Hi everyone basically ive recently come back to training (about 17 weeks ago) after a while off due to illness, i lost a hell of alot of weight (including muscle!) and came back to training looking and feeling sick & weak :cursing:

now since being back ive been on stronglifts 5x5 to try and build some strength before moving onto HST or similar

I really want to pack on muscle but avoid putting on fat so i decided to lean bulk

my stats are

age -20

weight 69kg

height 6'3

so i started training and progressing well, cleaned up my diet and started eating more, (before i started training again i was averaging on 1300-1450 cals a day!)

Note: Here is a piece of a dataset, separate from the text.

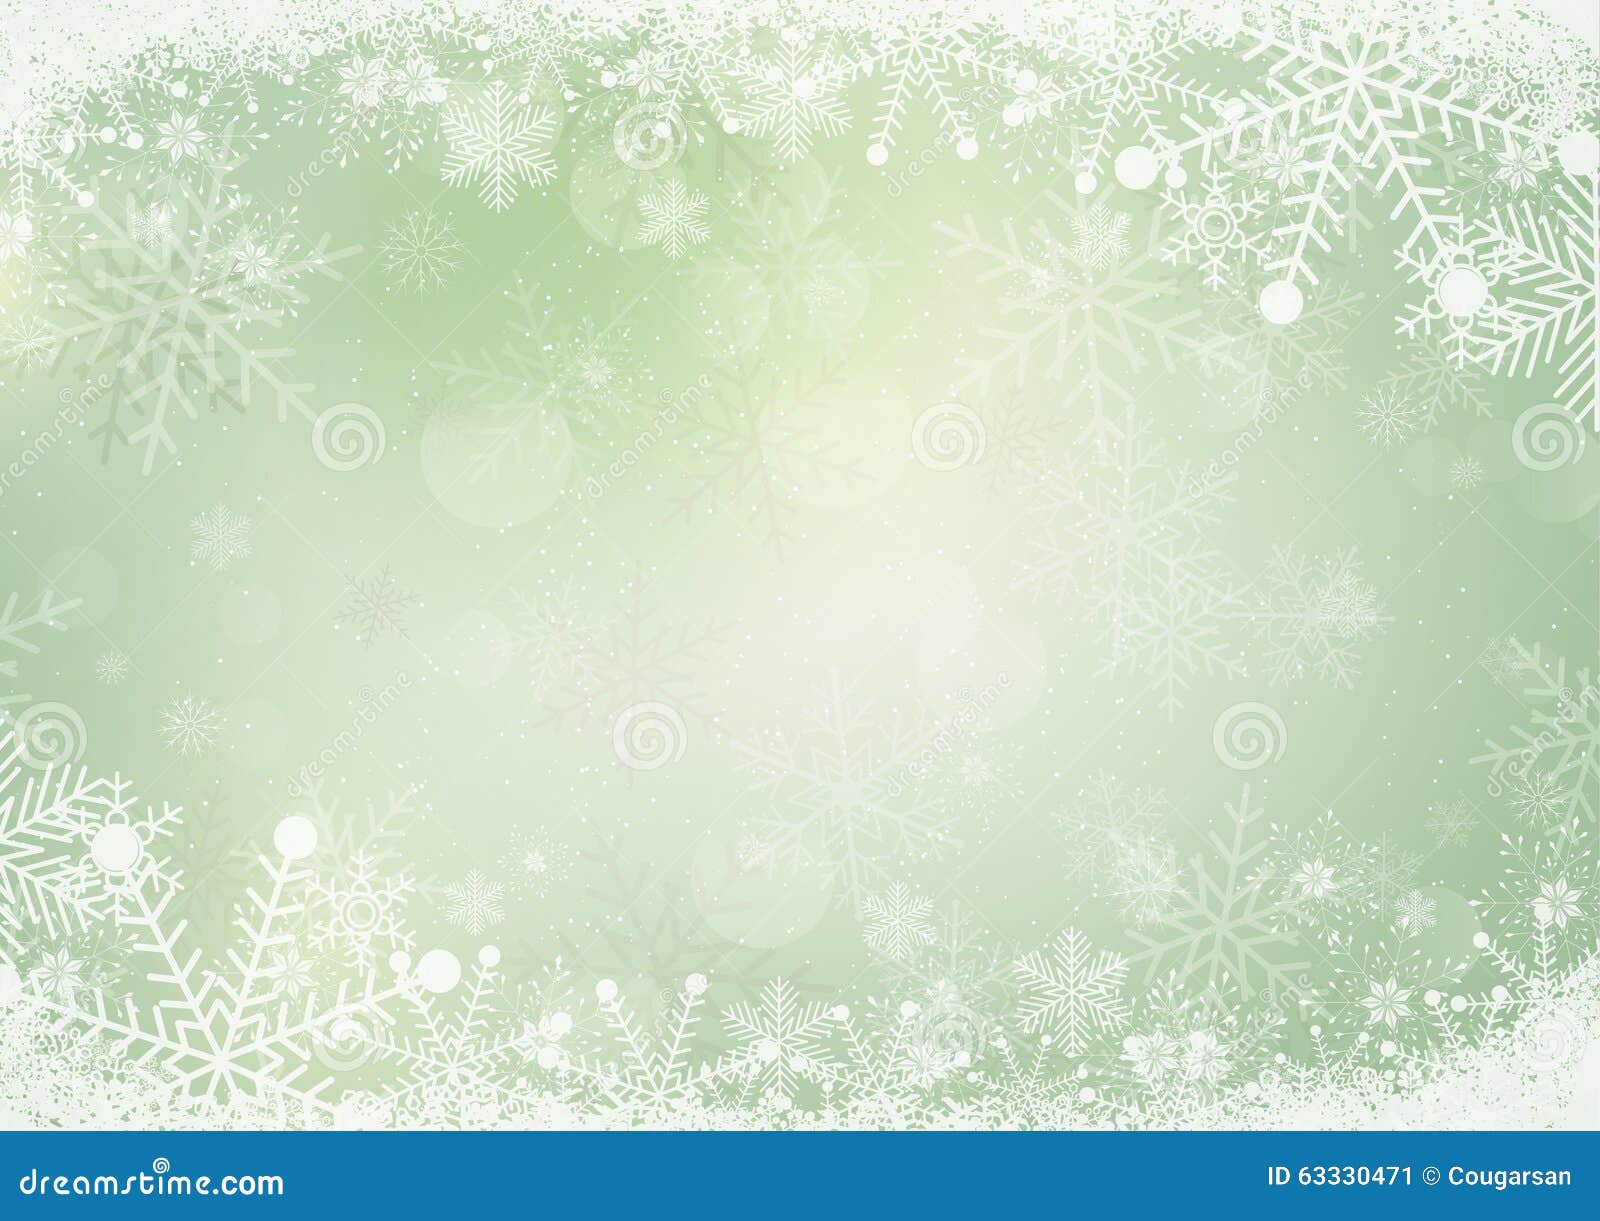 Green Winter Snow Holiday Paper Background Stock Vector - Illustration of  border, mother: 63330471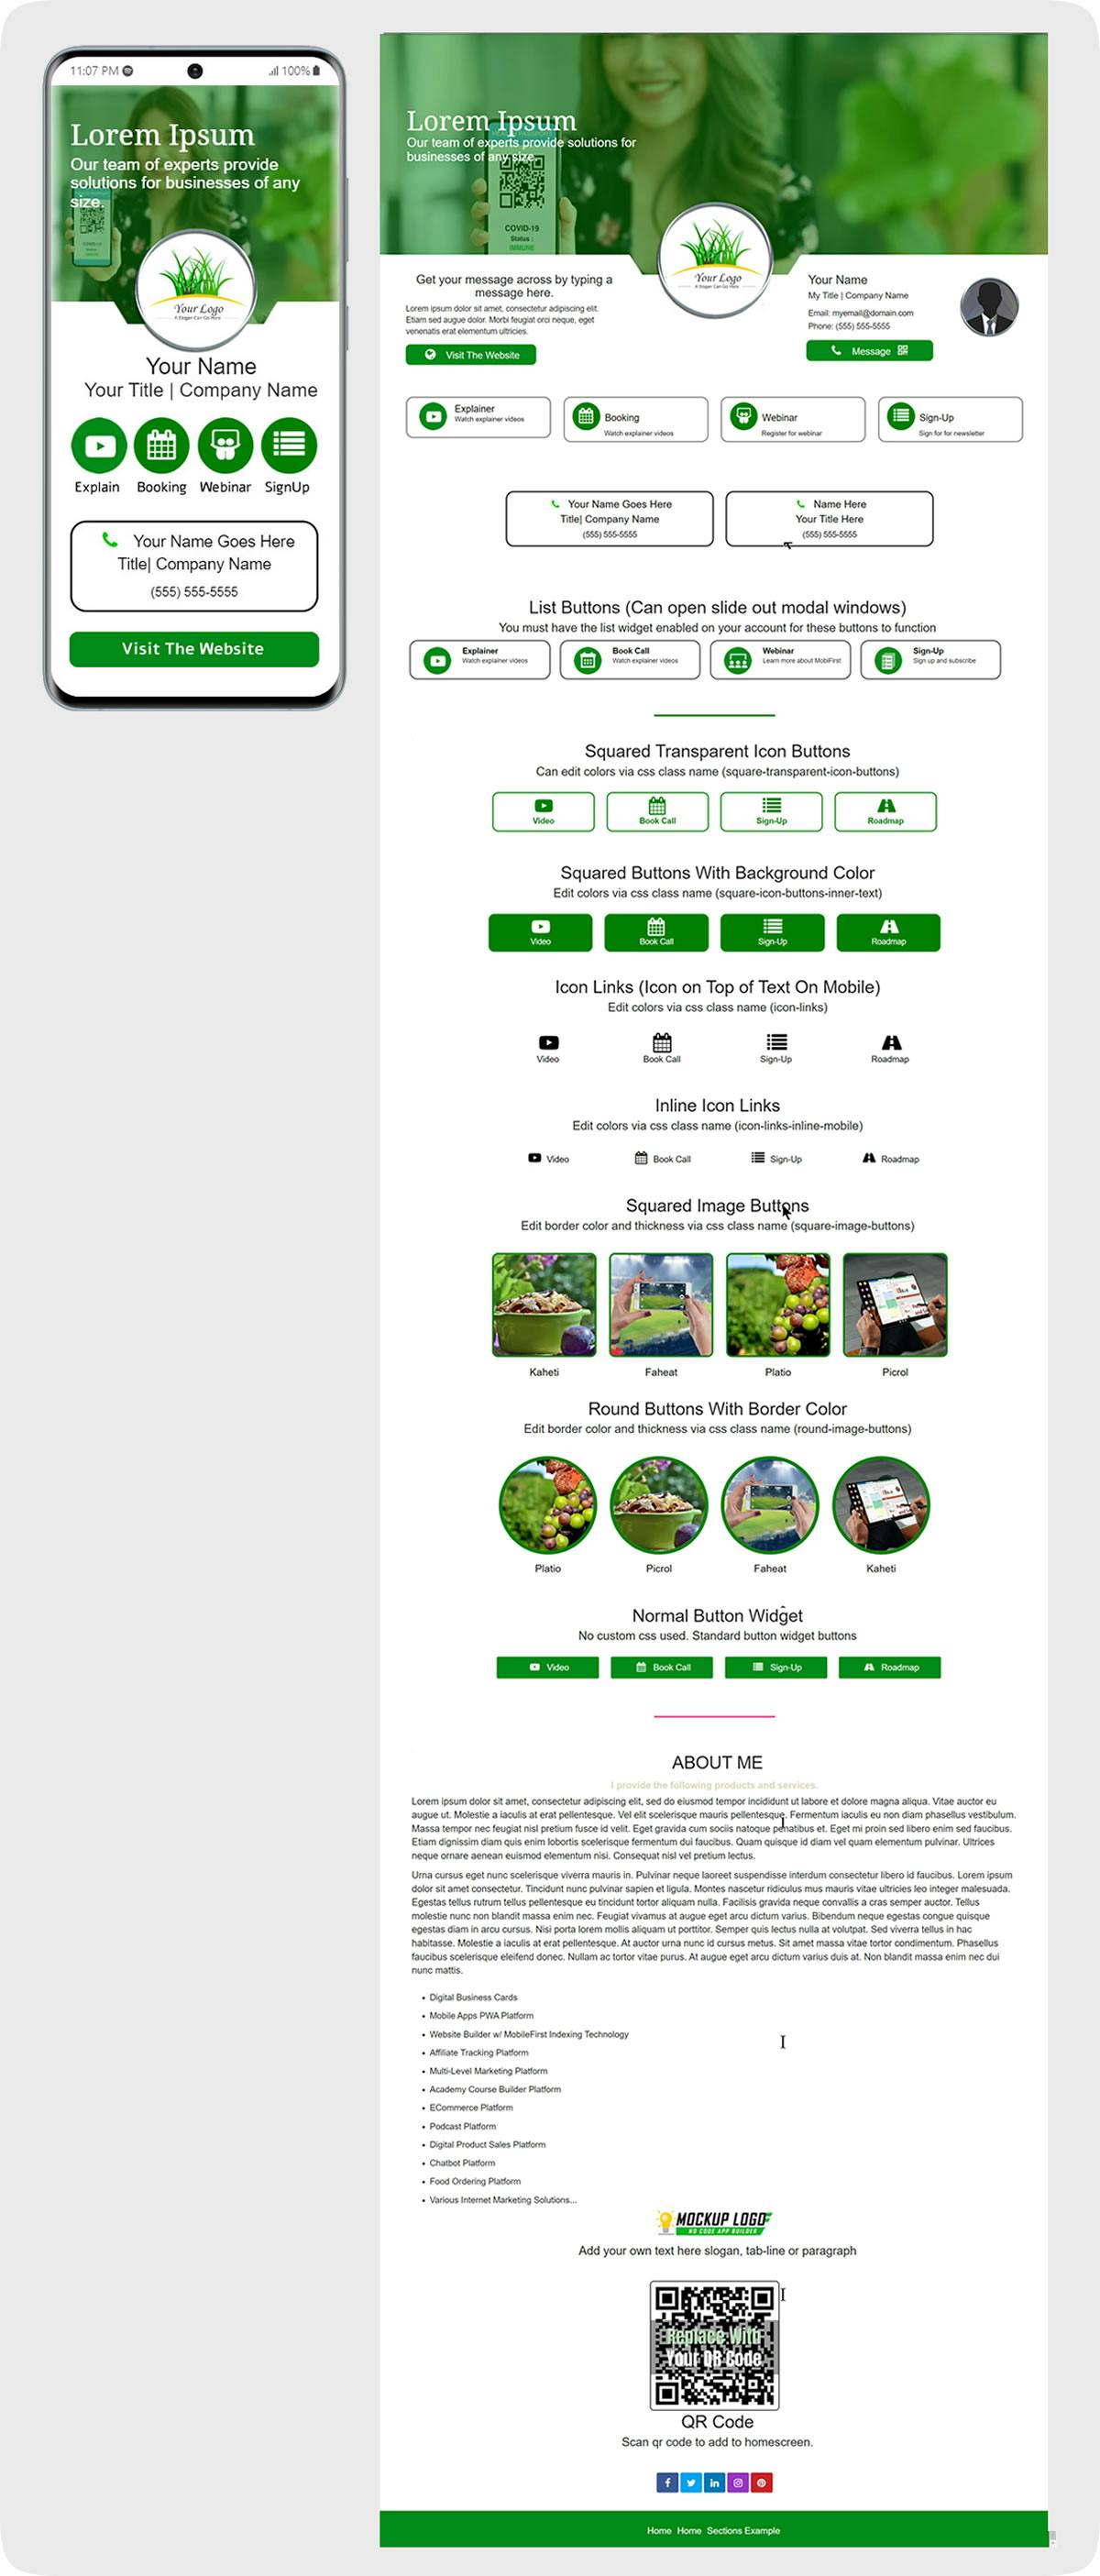 Mobile and desktop view of the MobiFirst green themed template.

i bumped it up to 2000/2300 on non-wo/wo days

i didnt gain any weight so 6 weeks ago i bumped my intake upto 2500 everyday,

at least 170g protein

roughly 300g carbs

and ive gained rougly 0.6lb a week so i think this calorie level is good for me at the moment as im not back at uni yet so not that active during the days apart from gym!

ive added some pics here to see if anyone can tell me if im skinny fat or just skinny and also possibly guess bf%

also i know my diets far far far from perfect! but its not as bad as it could be for e.g. heres todays diet (im not having the usual 6 meals a day atm as im not back at uni yet so i prefer to graze on little bits throughout the whole day  )

*breakfast*

30g whey water

50g oats (porridge with water water) frozen berries

apple

EPA fish oil

kcal- 318

fat-5

carb-35

pro-30

*snack*

chicken salad pitta

kcal- 198

fat-8

carb-29

pro-13

*lunch*

beans reduced salt sugar

burgen bread x 1

kcal- 325

fat-4

carb-45

pro-25

*snack*

cyclone protein bar

kcal- 215

fat-6

carb-13

pro-23

*dinner *

chicken pepper onion

pitta bread

epa fish oil

kcal- 321

fat-9

carb-35

pro-33

*snack*

musli 50g

milk 170g

kcal- 270

fat-14

carb-34

pro-7

2 x boiled eggs

kcal- 173

fat-12

carb-1

pro-14

totals = cals - 1967 fat-59 carbs-199 pro-149

(ill try and eat another 500 kcal before bed!)

so any advice or input on my routine/diet/pics/life? 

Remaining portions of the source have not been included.